# Newbie with a problem



## Teediddy (Jun 12, 2010)

Hey all, I've come to you seeking advice and instruction on how to resolve a problem I'm having with my Snapper lawn mower (model# RP217018BV). It has a 7 hp. Briggs Intek OHV motor that will start but dies again in about 2 seconds. I'm thinking its an issue with the carb but since I don't know much about this kind of stuff I thought I'd go to the experts first and see what you guys think. It's been a fantastic mower up until now and I need to get it fixed because my yard is starting to resemble the Amazon. Any and all help is much appreciated. Thanks.


----------



## 30yearTech (Sep 14, 2006)

This generally indicates a problem with the delivery of fuel through your carburetor. It could also be caused by water in the fuel. In either case, you are going to need to have a look inside the float bowl of the carb.

Can you post the model type and code numbers off your engine?


----------



## Teediddy (Jun 12, 2010)

Attached are pics of the stickers off the engine and the deck. Hopefully this gives you what you need. 

P.S. Sorry the poor quality cell phone pics.


----------



## 30yearTech (Sep 14, 2006)

Teediddy said:


> Attached are pics of the stickers off the engine and the deck.
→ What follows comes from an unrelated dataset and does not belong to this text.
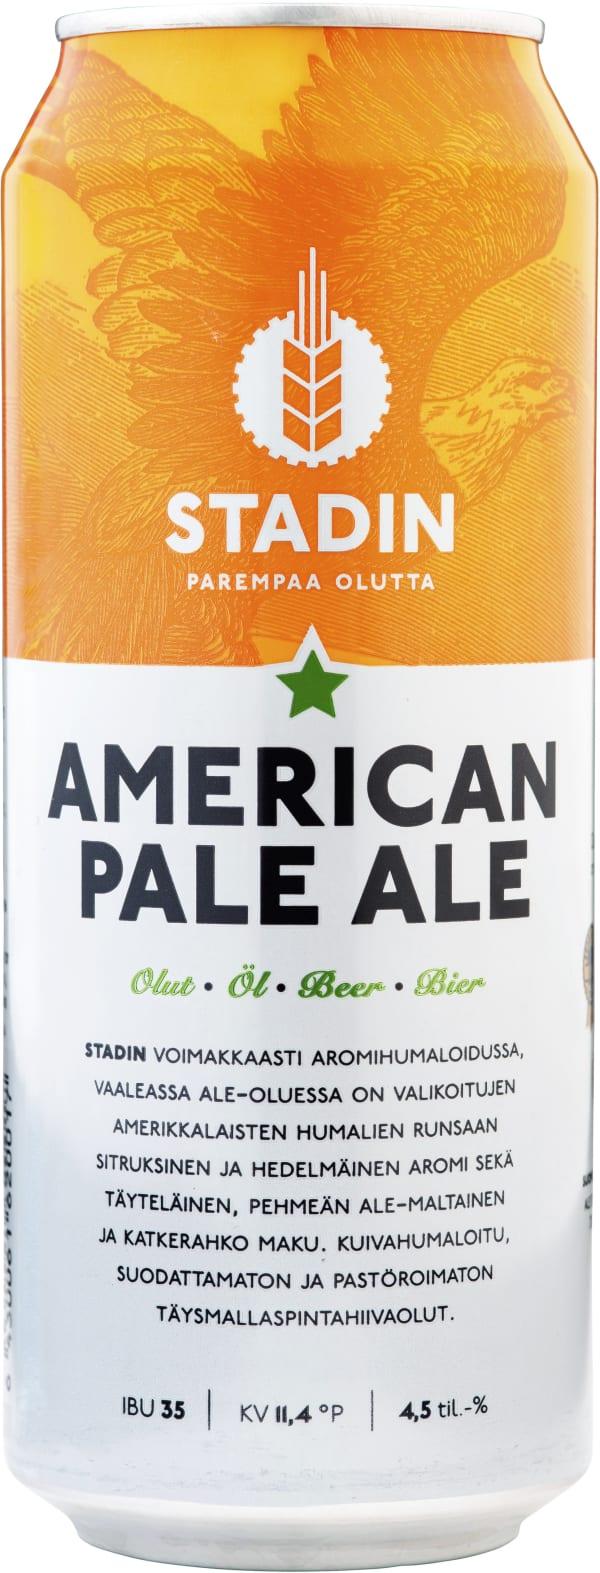 Stadin American Pale Ale burk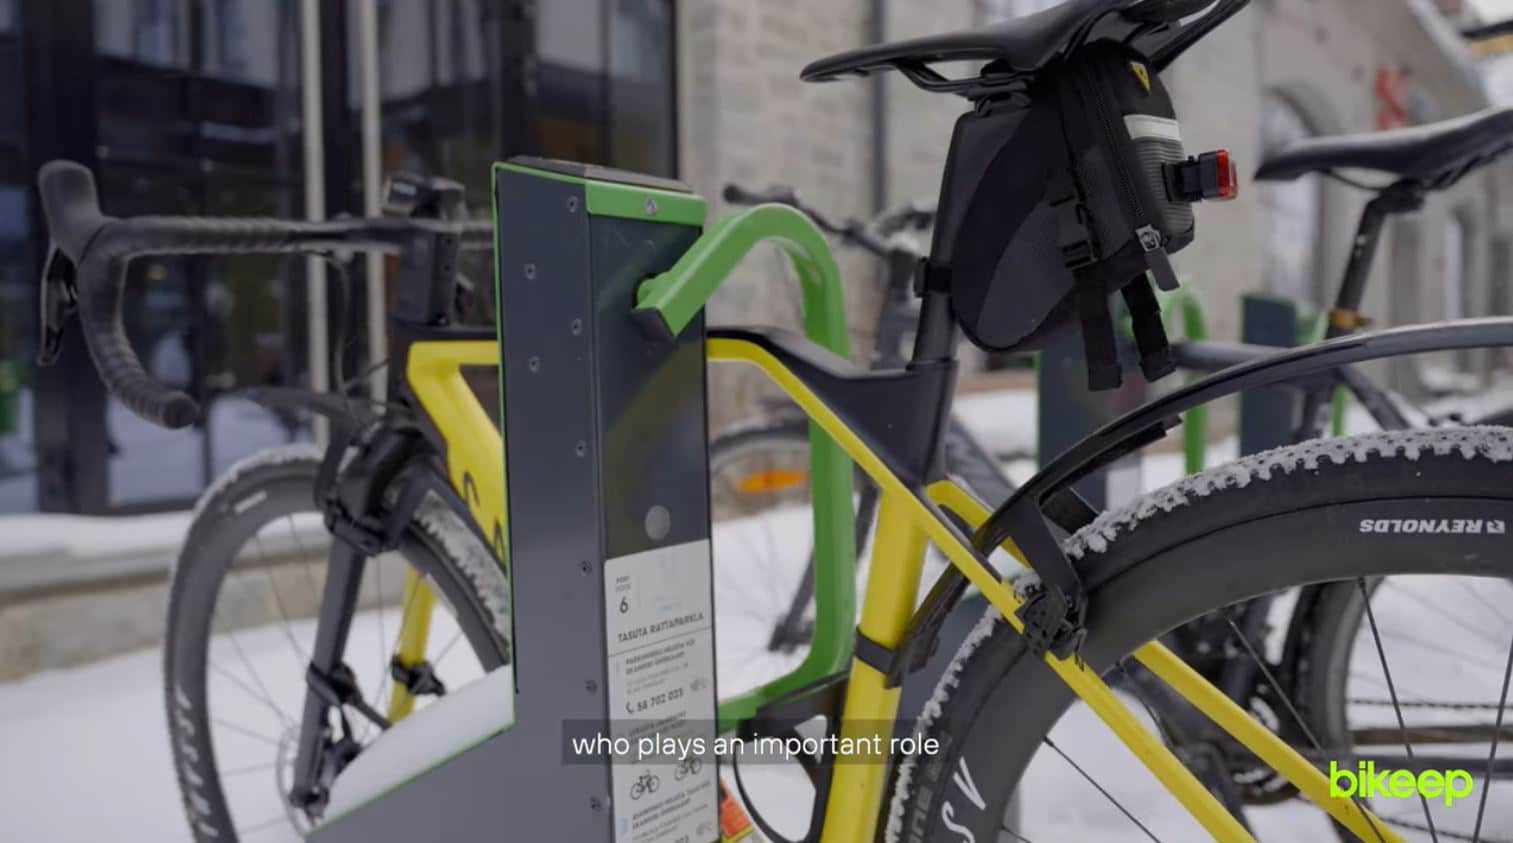 ylemiste city bikeep cooperation

Hopefully this gives you what you need.
> 
> P.S. Sorry the poor quality cell phone pics.


Not really, need the model type and code numbers off the engine. They should be stamped into the valve cover or could also be located on the blower housing above the muffler.


----------



## Teediddy (Jun 12, 2010)

*Gotcha.*

Here you go... Thanks again for your help.


----------



## Teediddy (Jun 12, 2010)

So, anyone know where I can get info on the carb for my mower? Maybe a repair manual? Thanks.


----------



## junebug1701 (Jun 15, 2009)

Teediddy said:


> So, anyone know where I can get info on the carb for my mower? Maybe a repair manual? Thanks.


Go here:

http://www.briggsandstratton.com/index.aspx

and click on "Maintenance and Repair" and then "Manuals, Parts Lists & Wiring Diagrams".

Enter your engine model number which is 

128602-0149-E1

and you will find an operator's manual and illustrated parts list. Maybe somebody else here can tell you where to find a service manual. Good luck!


----------



## 30yearTech (Sep 14, 2006)

Teediddy said:


> So, anyone know where I can get info on the carb for my mower? Maybe a repair manual? Thanks.


This service manual should cover your engine.

http://www.mymowerparts.com/pdf/Bri... Single Cylinder L-Head BRIGGS & STRATTON.pdf


----------